Also called countably rectifiable set. A central concept in Geometric measure theory, first introduced by Besicovitch for $1$-dimensional sets in the plane. Rectifiable sets of the euclidean space can be thought as measure-theoretic generalizations of $C^1$ submanifolds. As such they have a dimension. In what follows we will use the terminology $m$-dimensional rectifiable set. Some authors prefer the terminology countably $m$-rectifiable set or, briefly, $m$-rectifiable.


Rectifiable subsets of the Euclidean space $\mathbb R^n$ can be defined in several ways. In what follows we denote by $\mathcal{H}^\alpha$ the $\alpha$-dimensional Hausdorff measure.
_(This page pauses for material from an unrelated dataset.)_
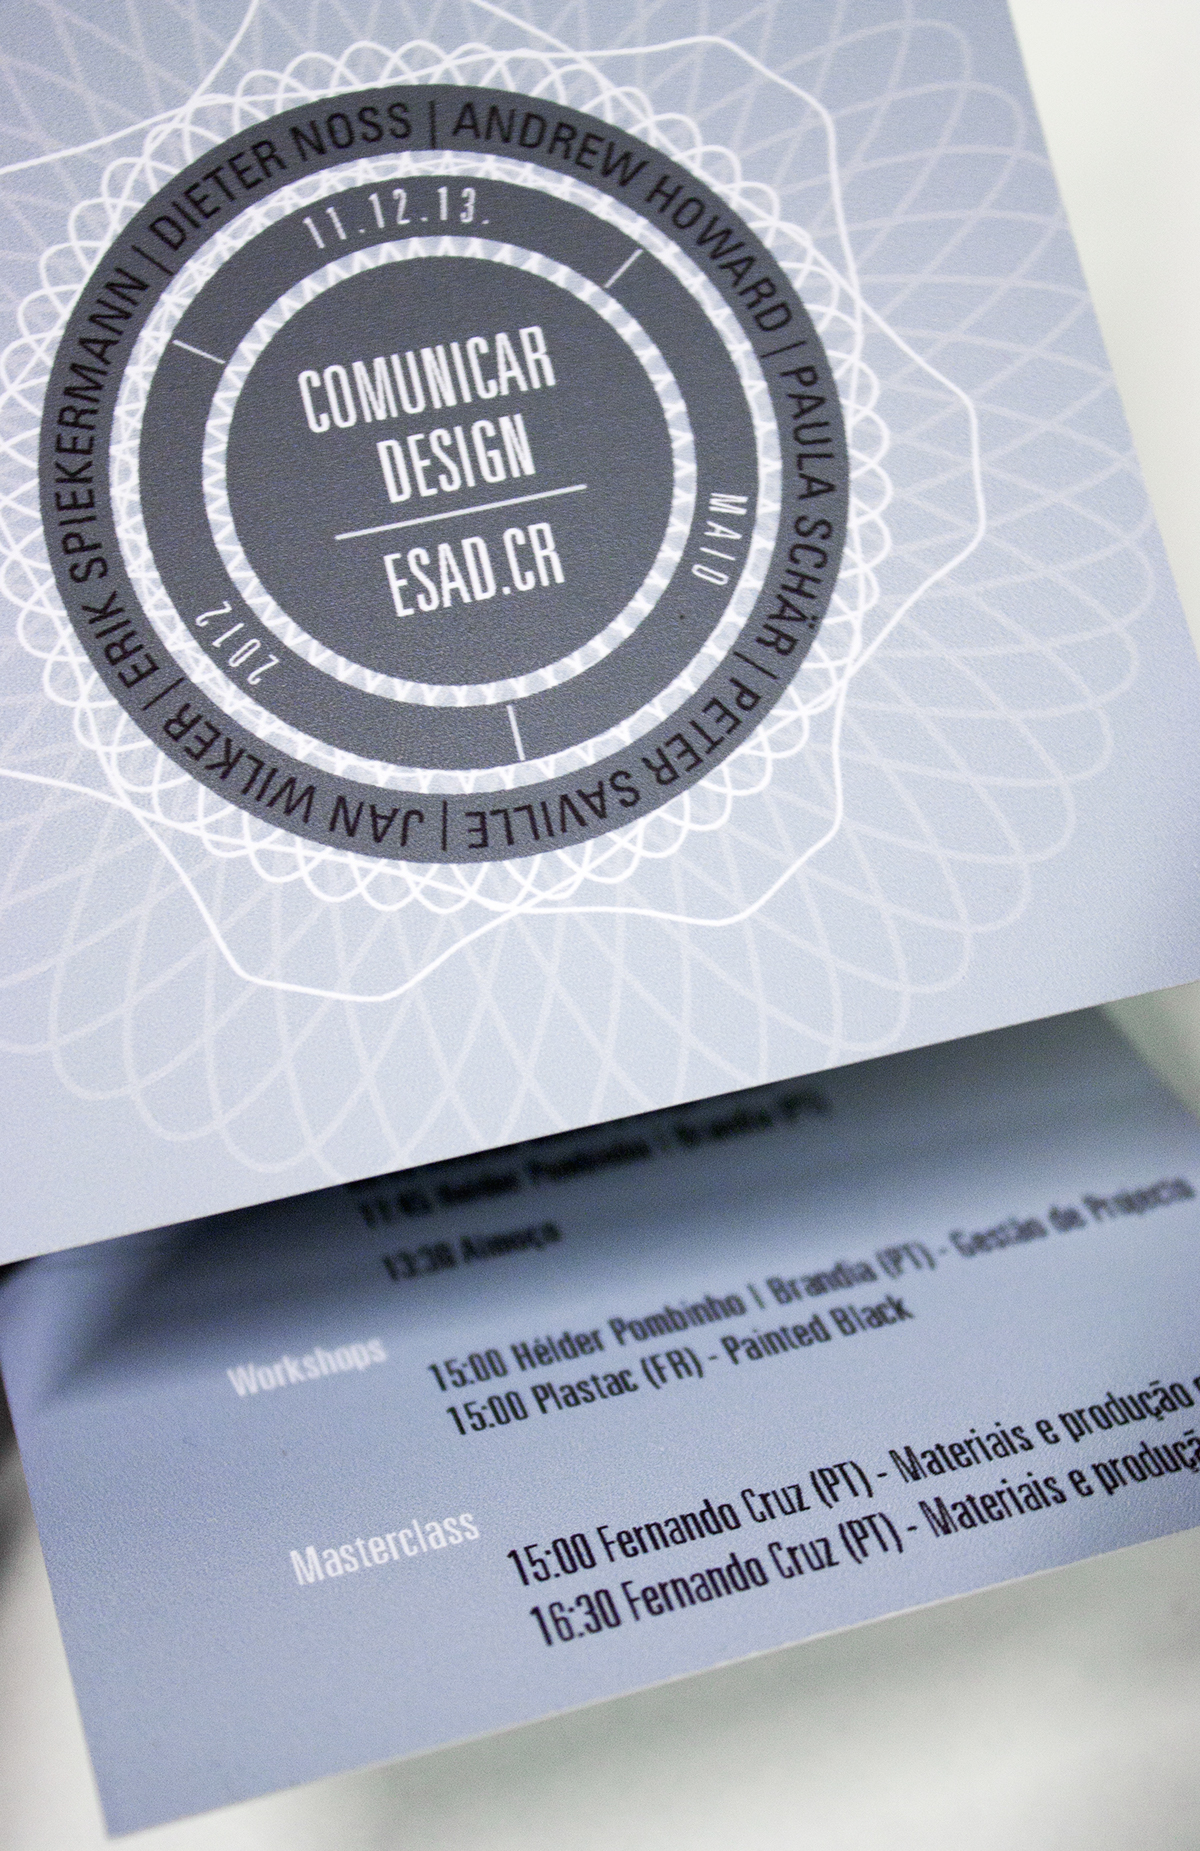 Comunicar Event Kampagne campaign Spirograph Spirografen Event Design Portugal ESAD comunicar design

Definition 1 (cp. with Definition 15.3 of [Ma]) A Borel set $E\subset \mathbb R^n$ is a rectifiable subset of dimension $k$ if it has Hausdorff dimension $k$ and there is a countable family of Lipschitz maps $f_i: \mathbb R^k \to \mathbb R^n$ such that their images cover $\mathcal{H}^k$-almost all $E$.

Definition 2 (cp. with Definition 4.1 of [De]) A Borel set $E\subset \mathbb R^n$ is a rectifiable subset of dimension $k$ if it has Hausdorff dimension $k$ and there is a countable family of Lipschitz $k$-dimensional graphs of $\mathbb R^n$ which cover $\mathcal{H}^k$-almost all $E$ (a $k$-dimensional Lipschitz graph is a subset $G$ of $\mathbb R^n$ such that there is a system of orthonormal coordinates $x_1, \ldots, x_n$ and a Lipschitz map $(f^{k+1}, \ldots, f^n)=f:\mathbb R^k\to\mathbb R^{n-k}$ with \[ G=\{(x_1,\ldots x_k, f^{k+1} (x_1, \ldots , x_k),\ldots , f^n (x_1, \ldots , x_k))\}\, \Big)\, . \]

Definition 3 (cp. with Lemma 11.1 of [Si]) A Borel set $E\subset \mathbb R^n$ is a rectifiable subset of dimension $k$ if it has Hausdorff dimension $k$ and there is a countable family of $C^1$ $k$-dimensional submanifolds of $\mathbb R^n$ which cover $\mathcal{H}^k$-almost all $E$.

All these definitions are equivalent (see Lemma 11.1 of [Si]). The first one can be easily generalized to define rectifiable subsets in metric spaces. The assumption that $E$ is a Borel set might be dropped. In that case, however, the set might not be $\mathcal{H}^k$-measurable (consider for instance a $C^1$ embedding $\gamma: [0,1]\to \mathbb R^2$ and the intersection $V$ of the usual Vitali set of $\mathbb R$ with $[0,1]$; the set $E:= \gamma (V)$ has Hausdorff dimension $1$, it can be covered by a single $C^1$ submanifold but it is not $\mathcal{H}^1$ measurable). In what follows we might assume that $E$ is $\mathcal{H}^k$ measurable: $\sigma$-finite $\mathcal{H}^k$-measurable sets can be decomposed into the union of a Borel set and an $\mathcal{H}^k$-null set.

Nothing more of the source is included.